Meta cuts contractors who report seeing Ray-Ban Meta users having sex



In February, several workers at the company Meta contracted to perform data annotations for Ray-Ban Meta reported seeing sensitive, embarrassing and apparently private footage recorded by the smart glasses. About two months later, Meta terminated its contract with the company.

According to a BBC report today, “less than two months after” a report by Swedish newspapers Svenska Dagbladet and Göteborgs-Posten and Kenya-based independent journalist Naibanui Lipaba, which featured SMA workers complaining about seeing explicit footage filmed from Ray-Ban Metas, “Meta has terminated its contract with SMA.”

Sama is a company headquartered in Kenya that Meta has contracted to carry out data annotation work, including work with video, image and speech annotations for Meta’s AI systems for Ray-Ban Metas. Sama claims that Meta’s cancellation of the contract affected 1,108 workers.

A Meta spokesman told the BBC that Meta “has decided to end our work with Sama because they do not meet our standards.” Ars Technica reached out to Meta to ask how Sama specifically failed to meet Meta’s expectations, and we will update this article if we hear back. Ars also contacted Sama.

In a statement shared with the BBC, Sama claimed that she was never notified of any failure to meet Meta standards.

The BBC reported that Sama workers believe Meta terminated the contract because workers spoke publicly about seeing Ray-Ban Meta footage of people doing personal actions, such as changing their clothes, having sex, and using the toilet.

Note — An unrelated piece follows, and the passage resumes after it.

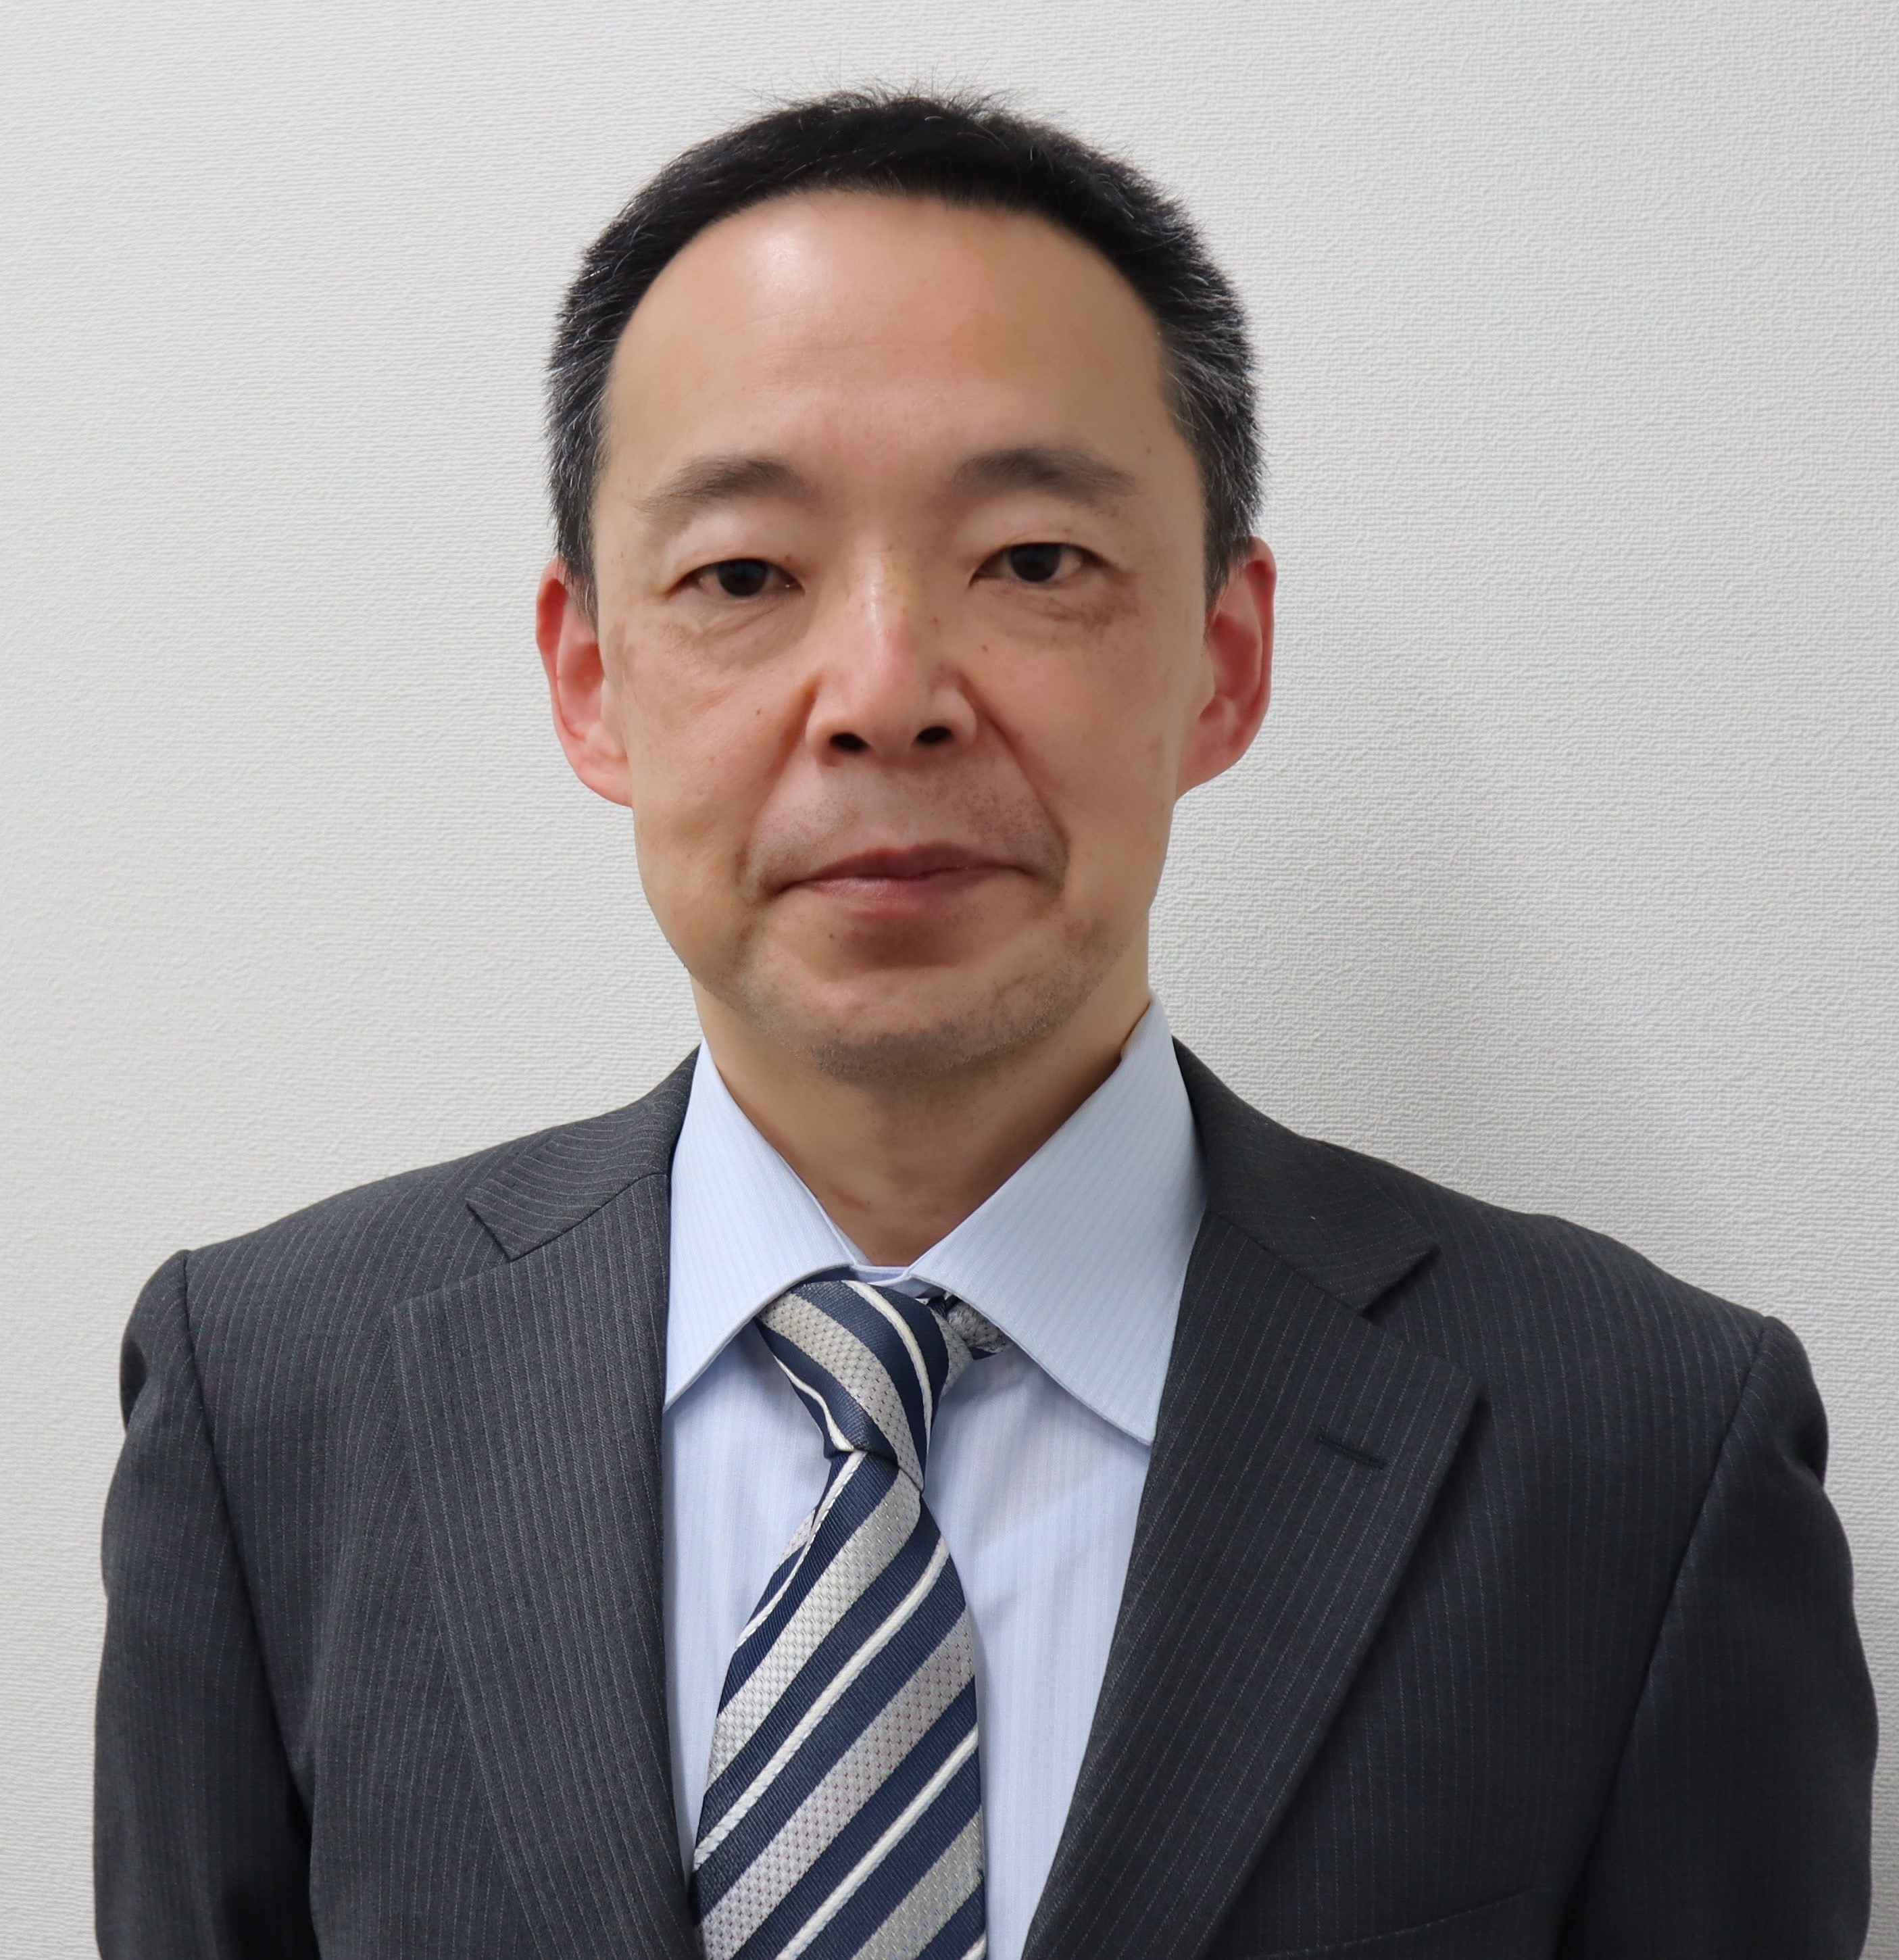 Манабу Шимасава – профессор экономики в Университете Канто Гакуин.

Sama said in a joint statement with Ars:

We do not comment on specific client processes or decisions, however, we can confirm that dealing with Meta has ended. Sama has consistently met the required operating, security and quality standards in all our dealings with our customers, and we stand by the integrity of our work. Our focus is on supporting our employees during this transition period while continuing to provide services to our customers.

In a February report, an anonymous Saudi Arabian Monetary Agency employee was quoted as saying, according to machine translation, that “they are just expected to do the work” even when watching private footage.

After Sama’s workers told journalists that they had seen private footage that appeared to have been recorded without the owners of the glasses’ knowledge, Meta responded by stopping work with Sama, a company spokesperson said, according to a BBC report today.